§ Work task
Leave the pictures out and restate every line below exactly.

─── Supplied data

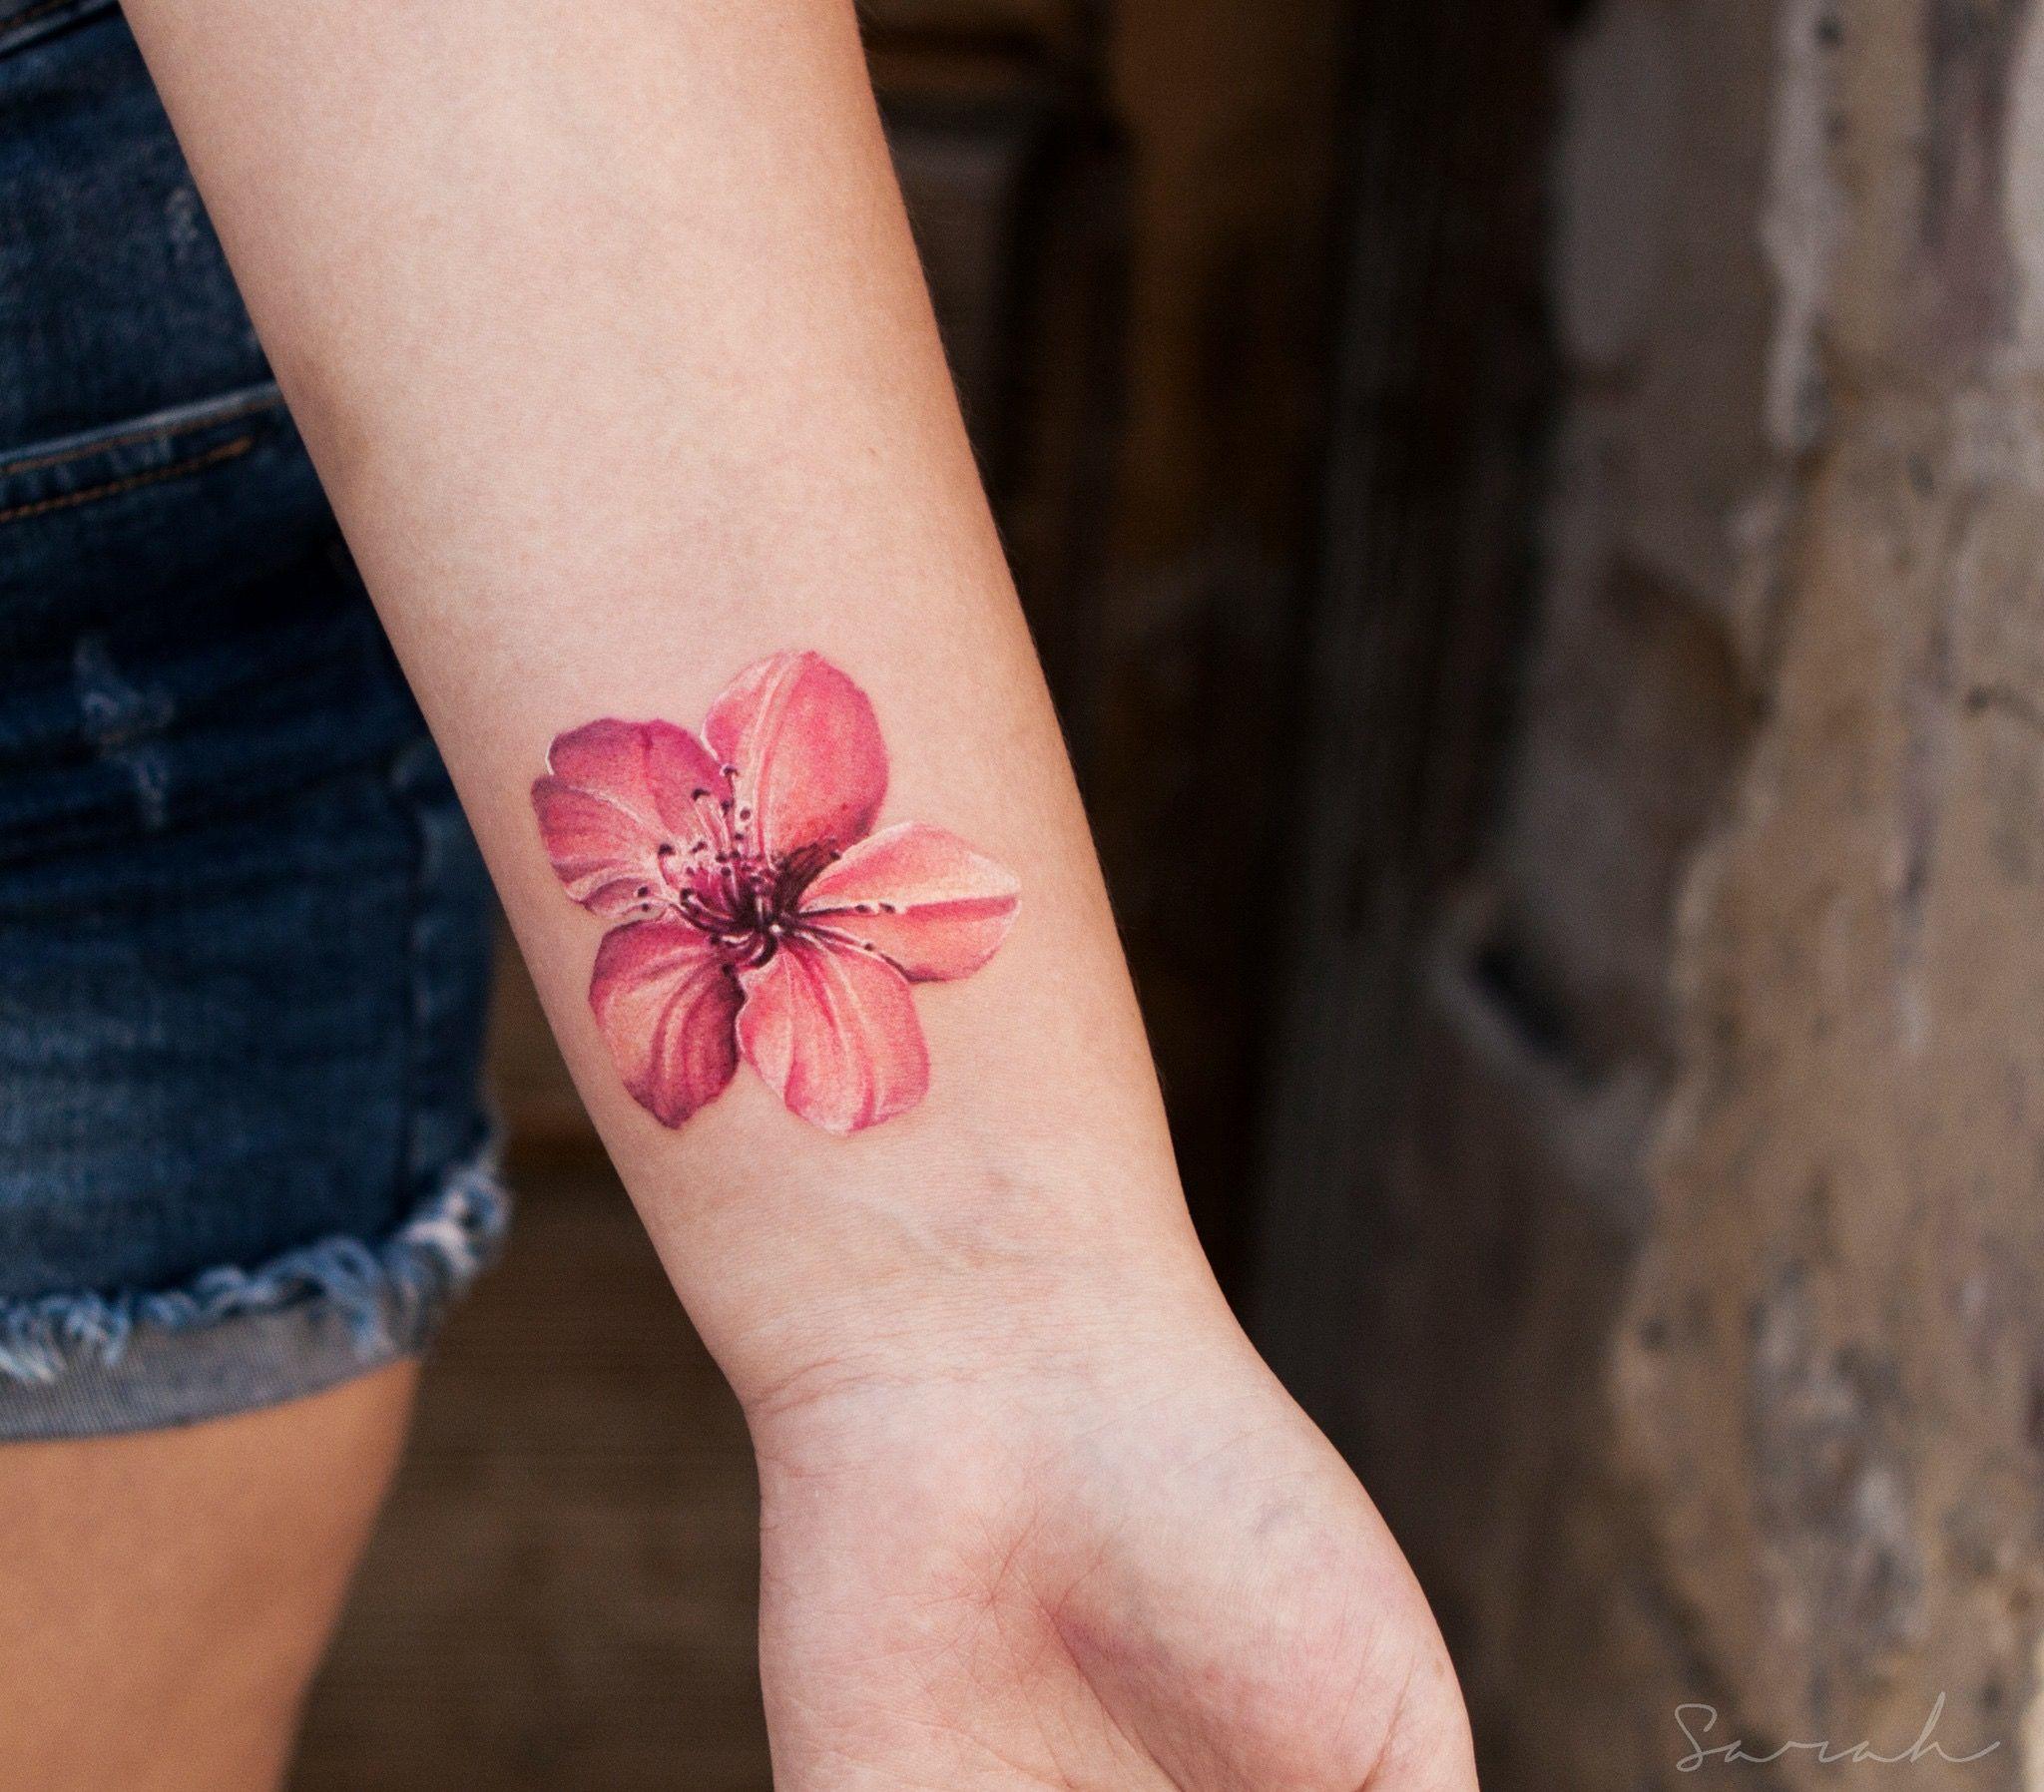 Pin By Jazmyn Danko On Hibiscus Tattoo In 2020 Hawaiian Flower Tattoos Hibiscus Tattoo Frangipani Tattoo
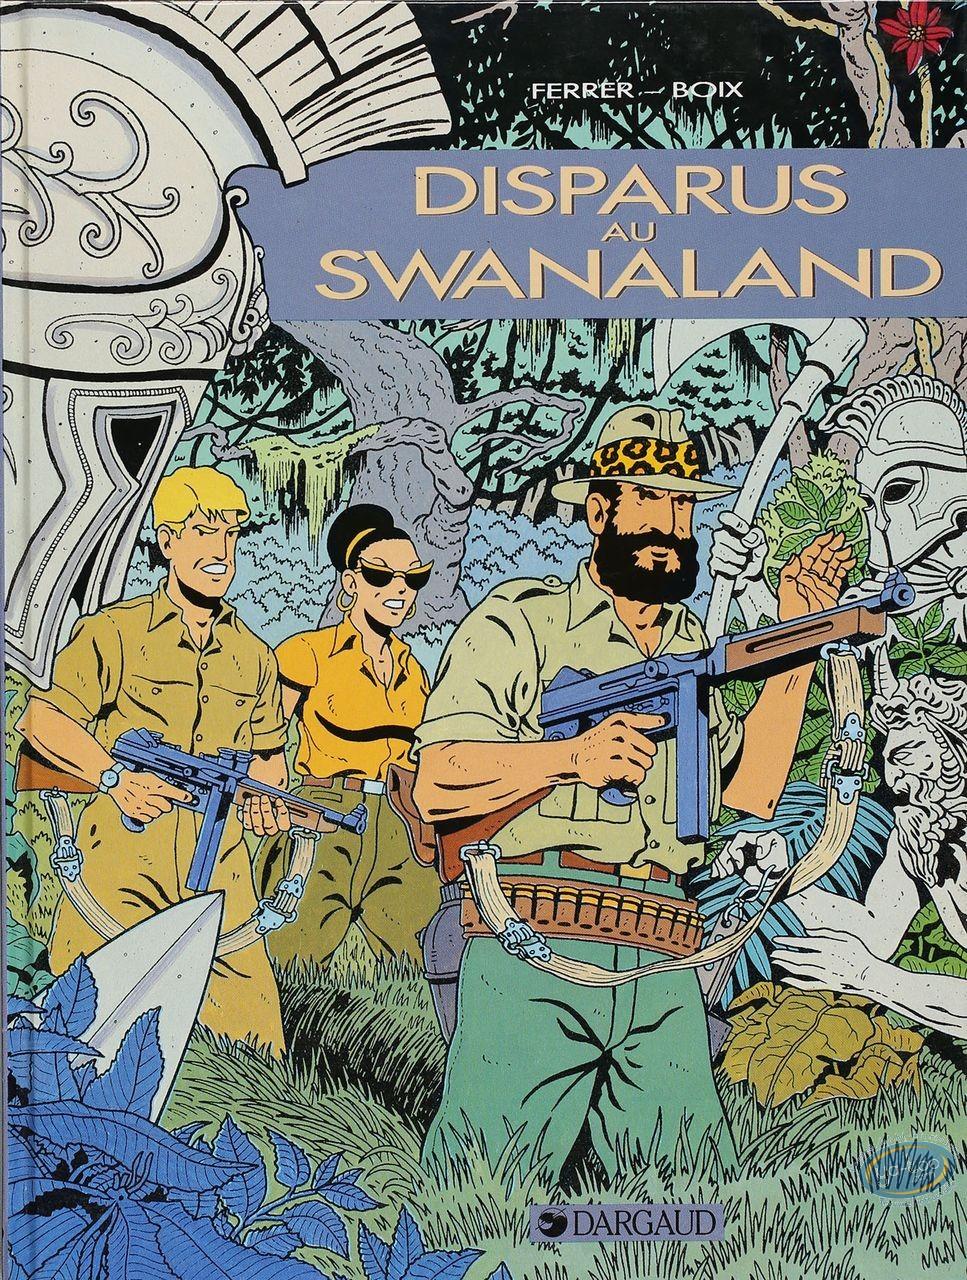 BD occasion, Disparus au Swanaland
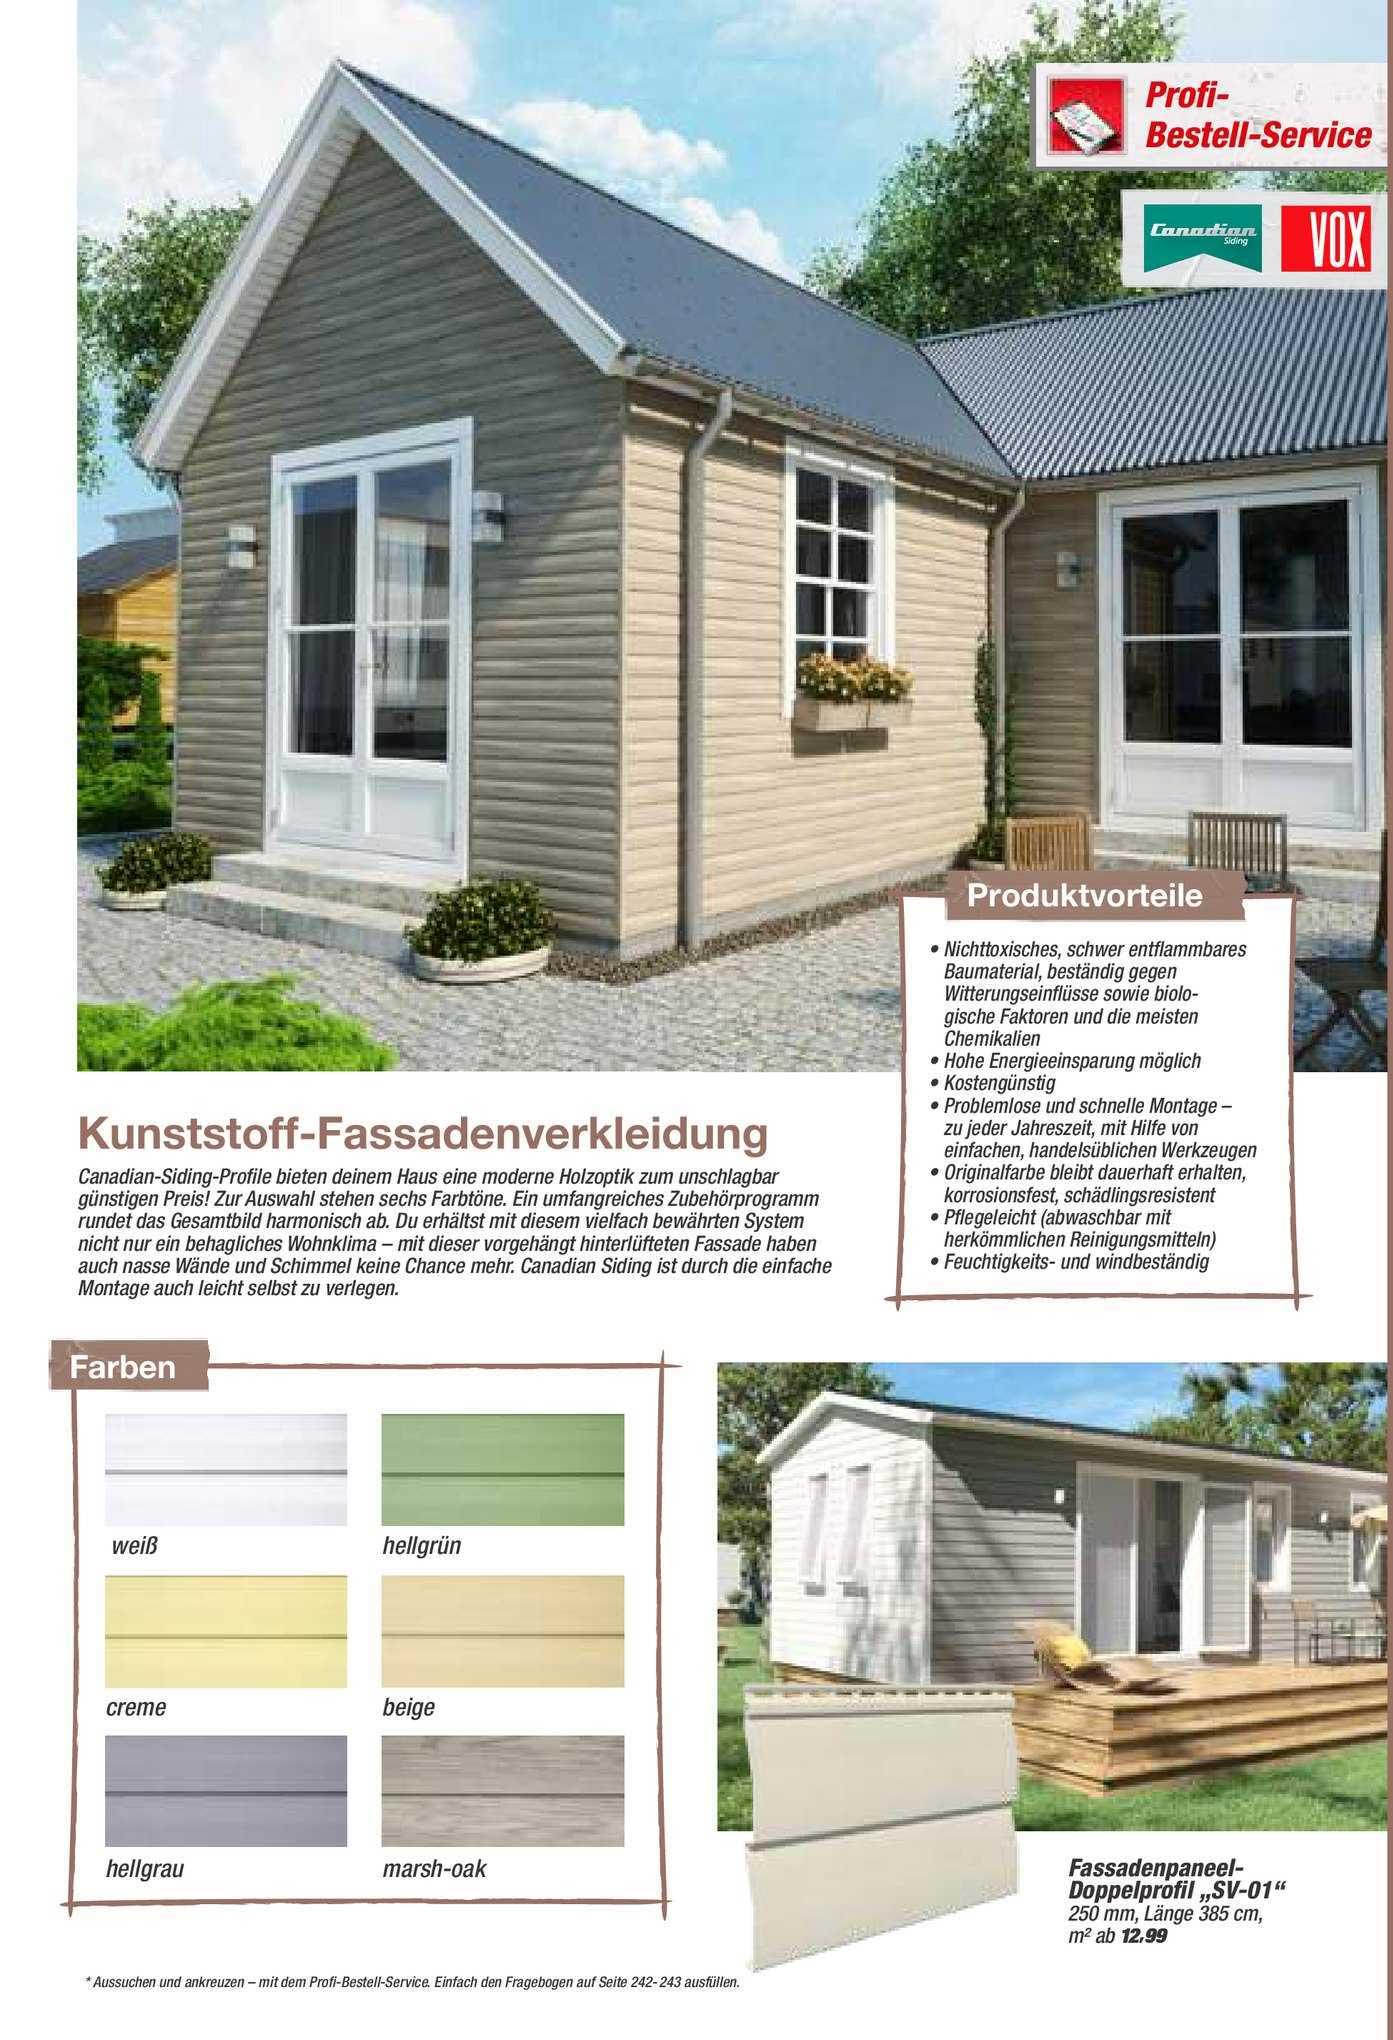 Toom Baumarkt Kunststoff Fassadenverkleidung

──────

§ Output of the task
 Pin By Jazmyn Danko On Hibiscus Tattoo In 2020 Hawaiian Flower Tattoos Hibiscus Tattoo Frangipani Tattoo
 BD occasion, Disparus au Swanaland
 Toom Baumarkt Kunststoff Fassadenverkleidung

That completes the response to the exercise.